Your assignment: Once you reach the line with "Jeune fille nourrir" below, copy each line exactly, stopping after the line with "Waltz Lake Fabric by HAR", and skip any pictures.

Input for this task:
::::

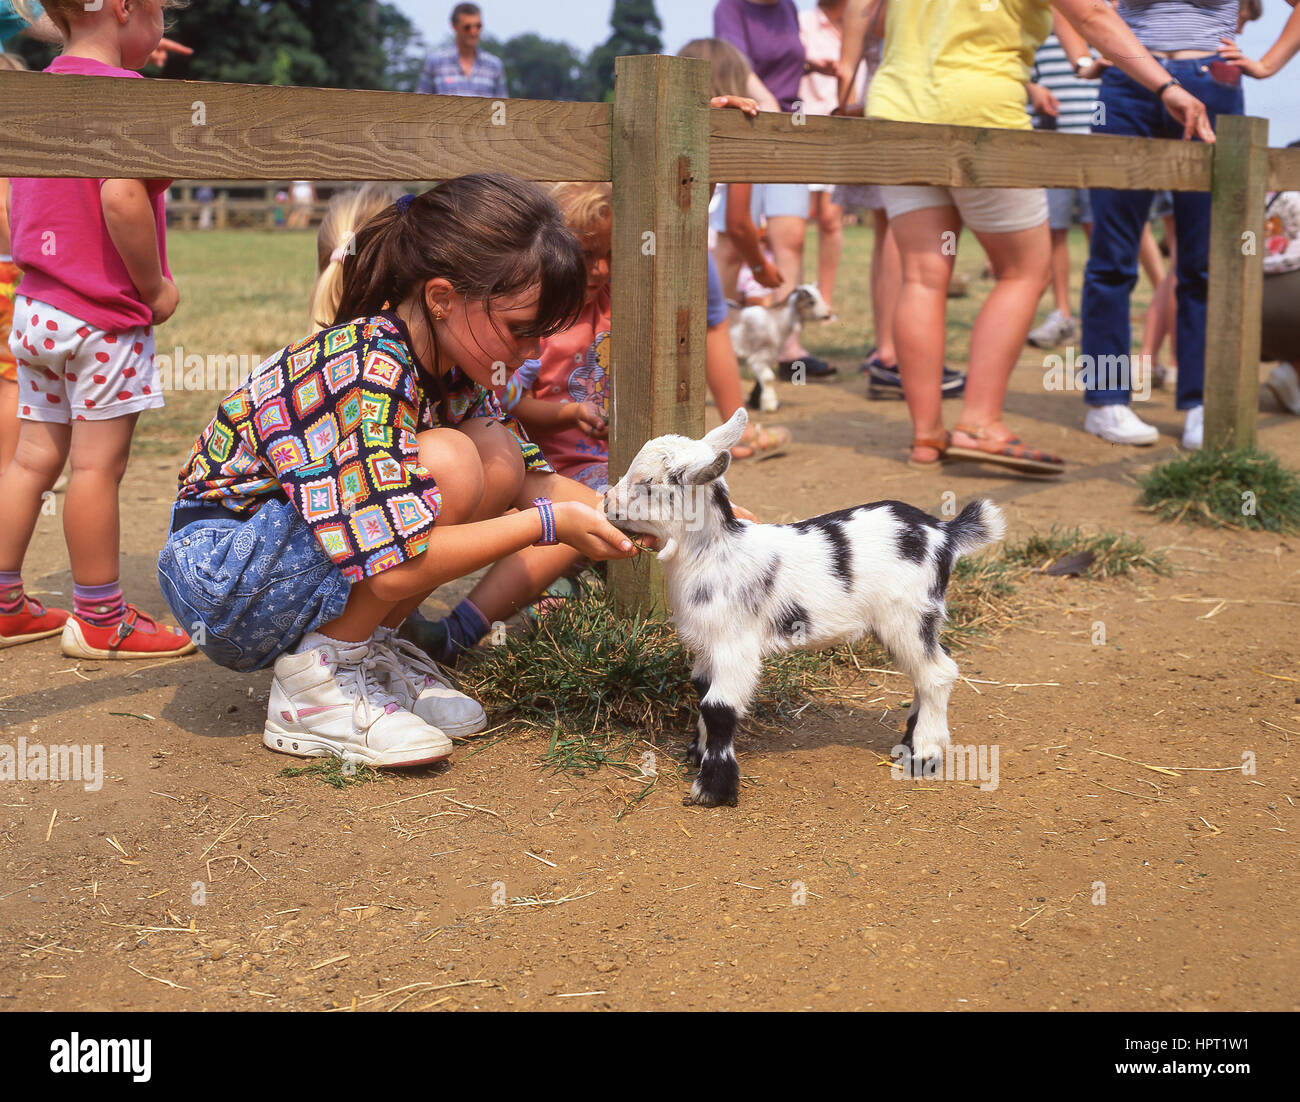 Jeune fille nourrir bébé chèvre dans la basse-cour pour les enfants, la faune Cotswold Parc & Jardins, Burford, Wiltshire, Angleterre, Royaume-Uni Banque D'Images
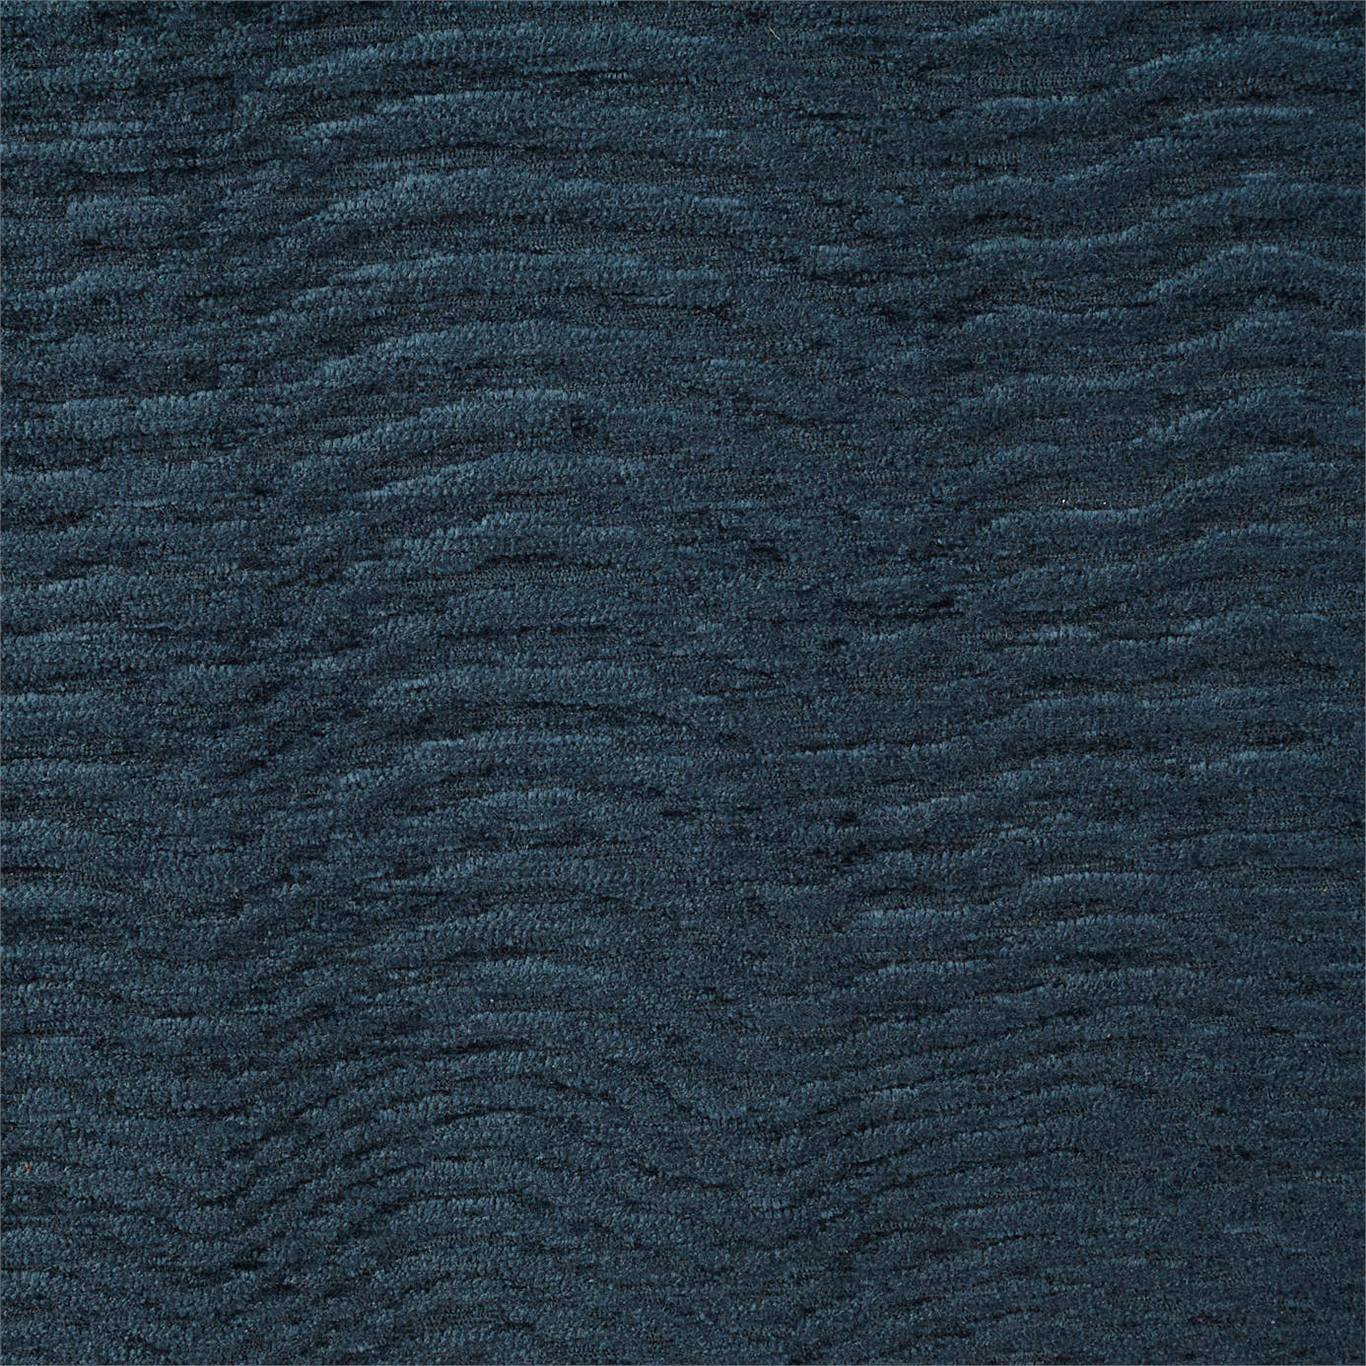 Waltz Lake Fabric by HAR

::::

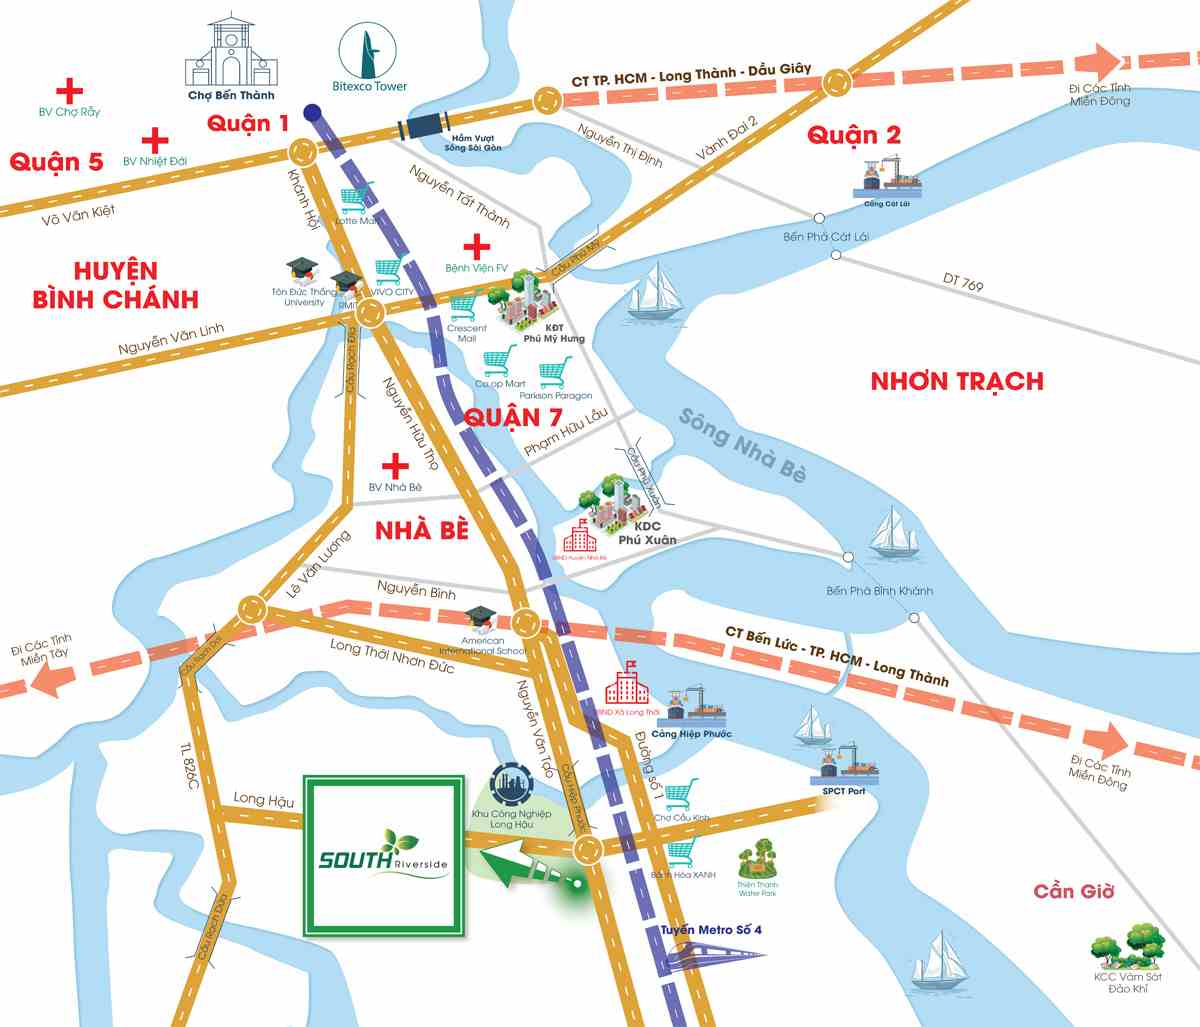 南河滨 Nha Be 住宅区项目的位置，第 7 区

::::

Your solution:
 Jeune fille nourrir bébé chèvre dans la basse-cour pour les enfants, la faune Cotswold Parc & Jardins, Burford, Wiltshire, Angleterre, Royaume-Uni Banque D'Images
 Waltz Lake Fabric by HAR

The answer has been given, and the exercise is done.